(by Andreas Stephan) British bank, Royal Bank of Scotland (RBS), has agreed to pay a fine of £28.6 million for price fixing. RBS employees shared confidential pricing information concerning commercial loans, with their counterparts at Barclays, who apparently adjusted their own pricing accordingly. The fact that RBS is 84% nationalised means that the OFT is effectively fining the taxpayer. Nevertheless, they should be applauded for not abandoning important enforcement principles.
RBS’s offices were originally raided in June 2008 when Barclays approached the OFT to report the exchange of information in return for immunity from fines. Following a relatively short investigation (by cartel standards), RBS has agreed to pay the fine in the spirit of direct settlement which is becoming increasingly common in OFT decisions. The OFT’s investigation found that “individuals in RBS’s Professional Practices Coverage Team had unilaterally disclosed generic as well as specific confidential future pricing information to their counterparts at Barclays Bank”. Had RBS chosen not to cooperate in this way, the OFT’s fine would have been £33.6 million.
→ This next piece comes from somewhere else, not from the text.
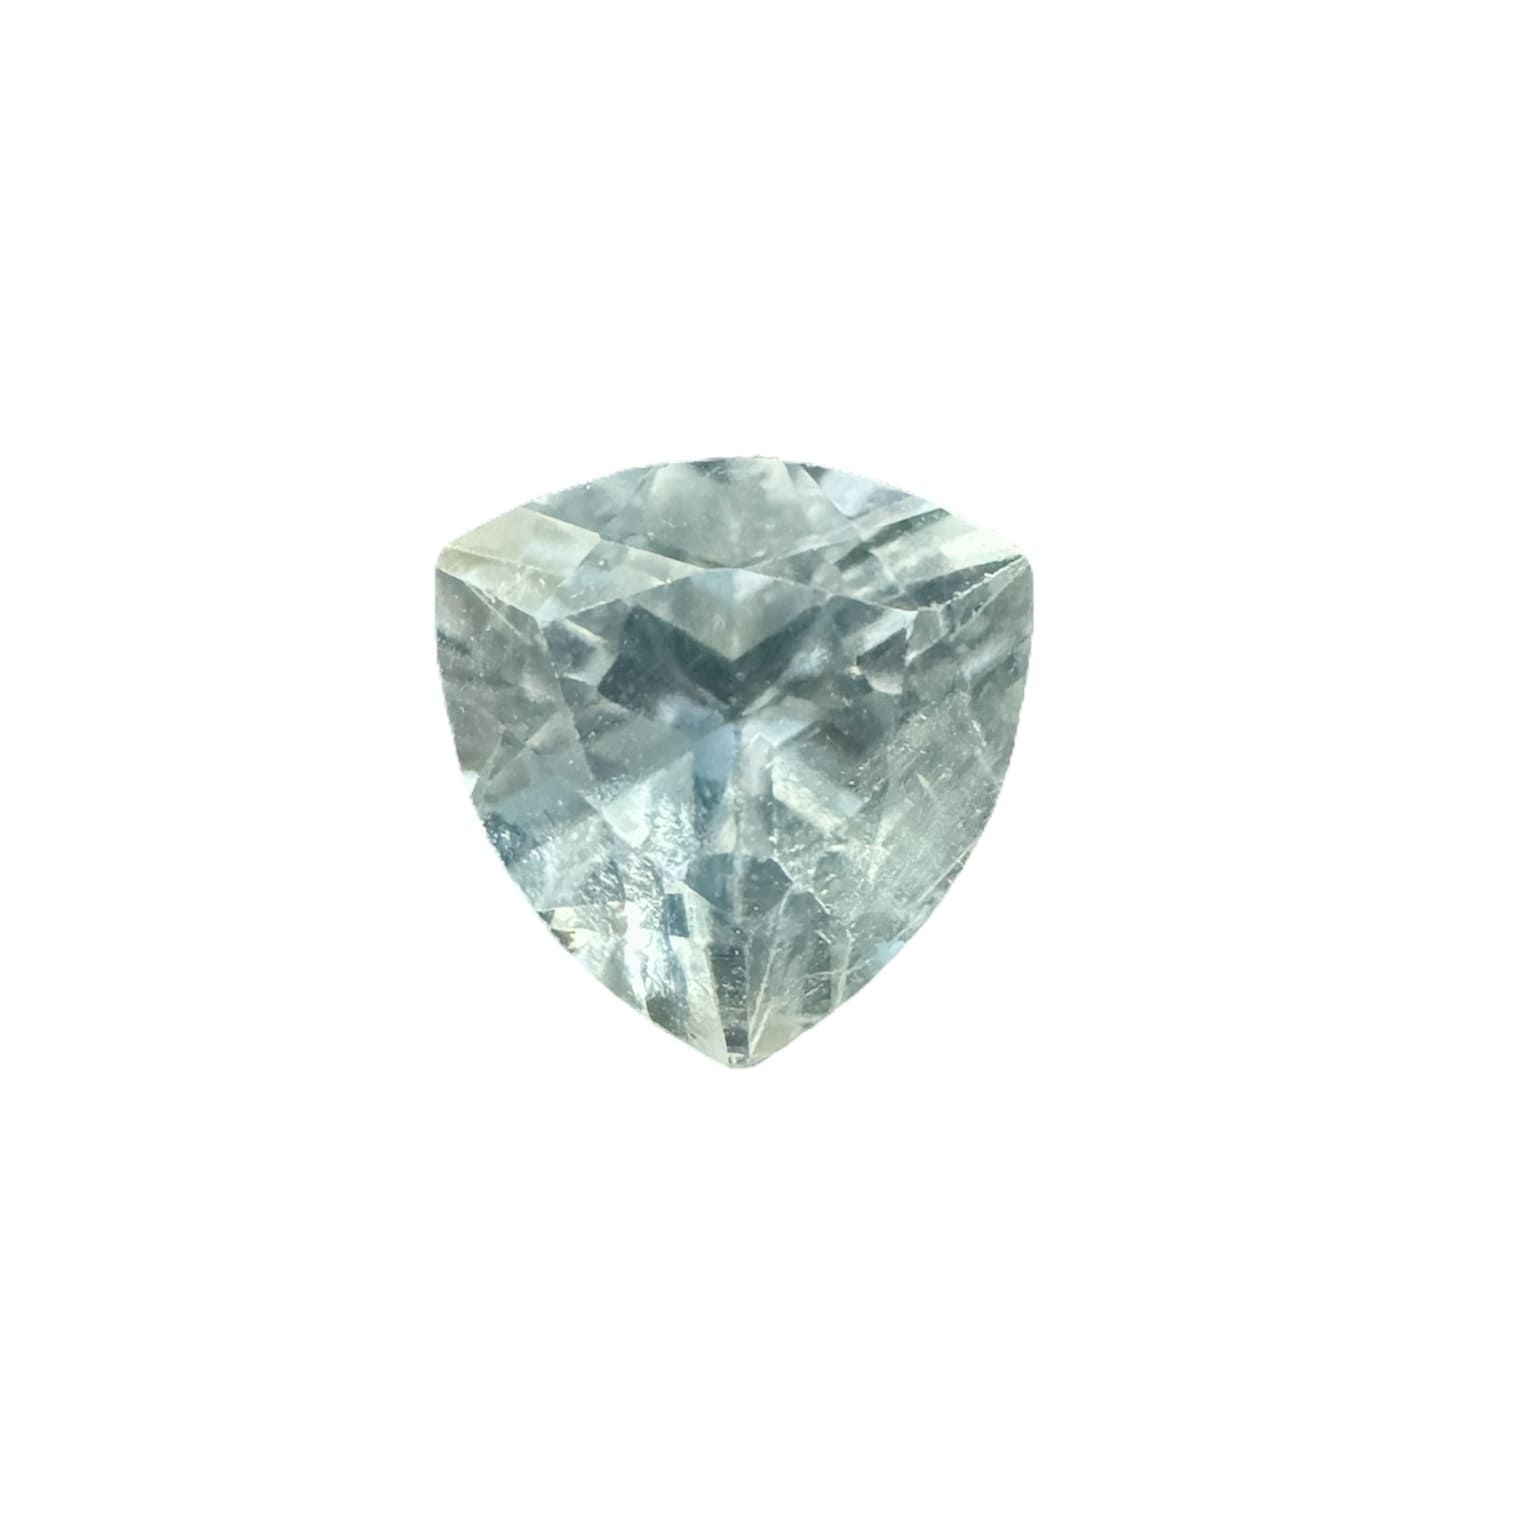 goshénite pierre gemme béryl incolore
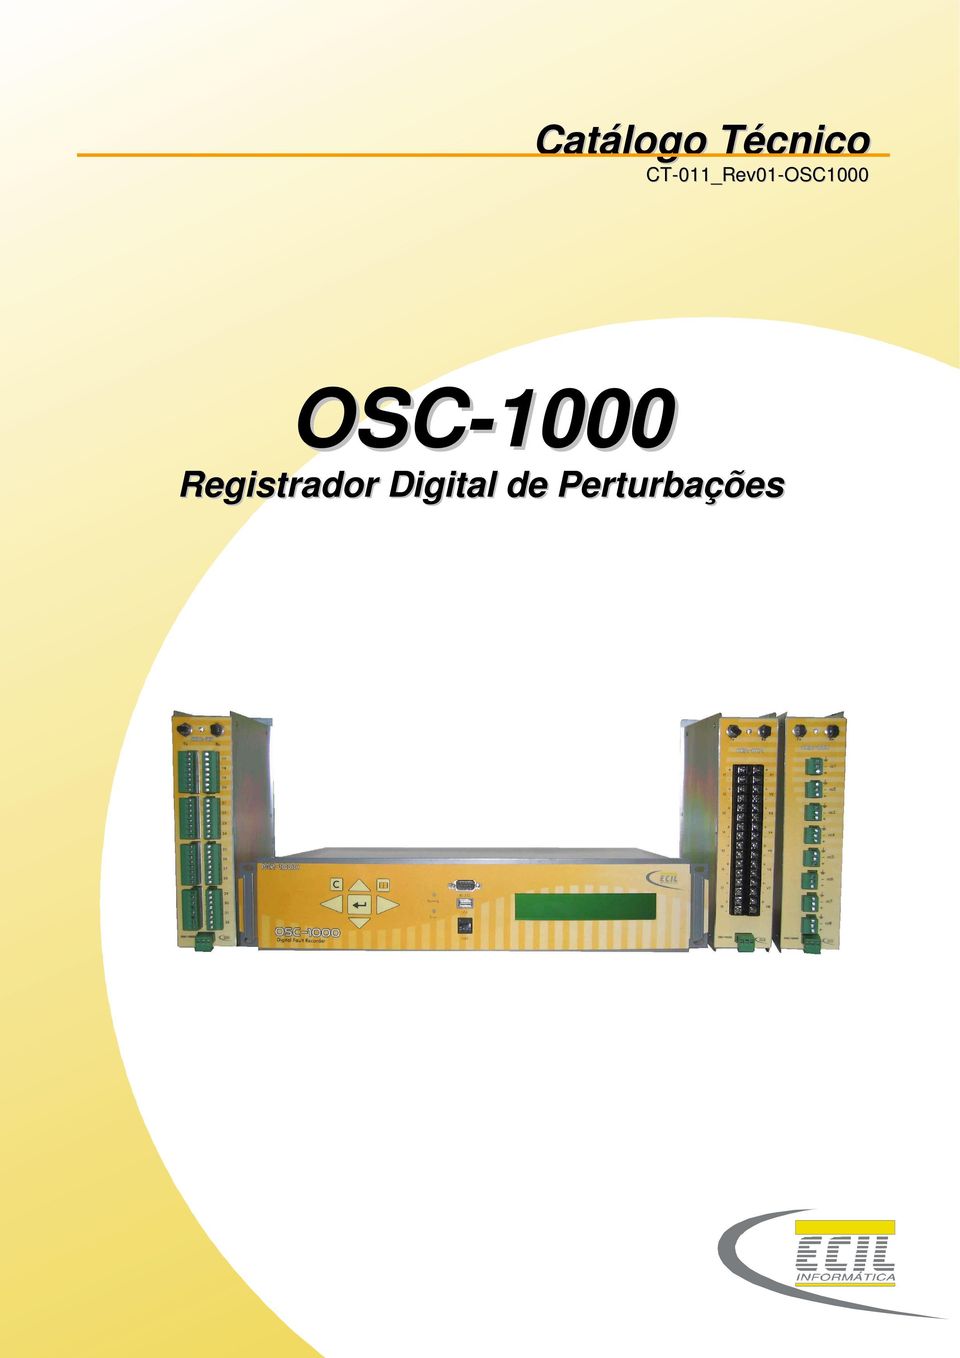 OSC-1000 Registrador

The conduct in question occurred between October 2007 and February 2008 “on the fringes of social, client or industry events or through telephone conversations”. The disgraced Fred Goodwin was CEO of RBS at the time. By the end of 2008, RBS’s reckless incompetence in other activities had brought it to the brink of bankruptcy. The government had to step in and bought what became an 84% stake in the bank in order to prevent it from folding.
On the face of it, the fine may appear entirely counterproductive. £28.6 million is to be paid by a company essentially owned by the taxpayer which, made losses of £3.6bn for 2009. Some might argue the result is a pointless movement of public money in a complete circle (as fines go to the treasury), with substantial administrative costs involved.
However, the OFT is absolutely right to impose a significant (if not unprecedented) fine on an apparently serious breach of competition law, even in the face of the current economic downturn. The timing of the infringement in the early months of the credit cruch demonstrates the heightened danger of cartel practices during difficult trading times. Businessmen who would not consider price fixing to be an acceptable strategy during a boom, may look on it very differently where there is a real danger of unemployment or insolvency. It would be very easy for the OFT to succumb to pressure for ‘soft’ enforcement during an economic downturn. By instead pressing on with hard enforcement against cartel practices, the regulator sends out a strong message about competition which could ultimately benefit the economy and speed up the recovery. There is also the intriguing possibility that the current shareholders could sue the offending executives.
An added twist to this tale is that the offence was by the Professional Practices team and lawyers are among the alleged victims identified by the OFT. If there was ever an OFT decision to create a splash in the stagnant pond that is private enforcement, this may be it.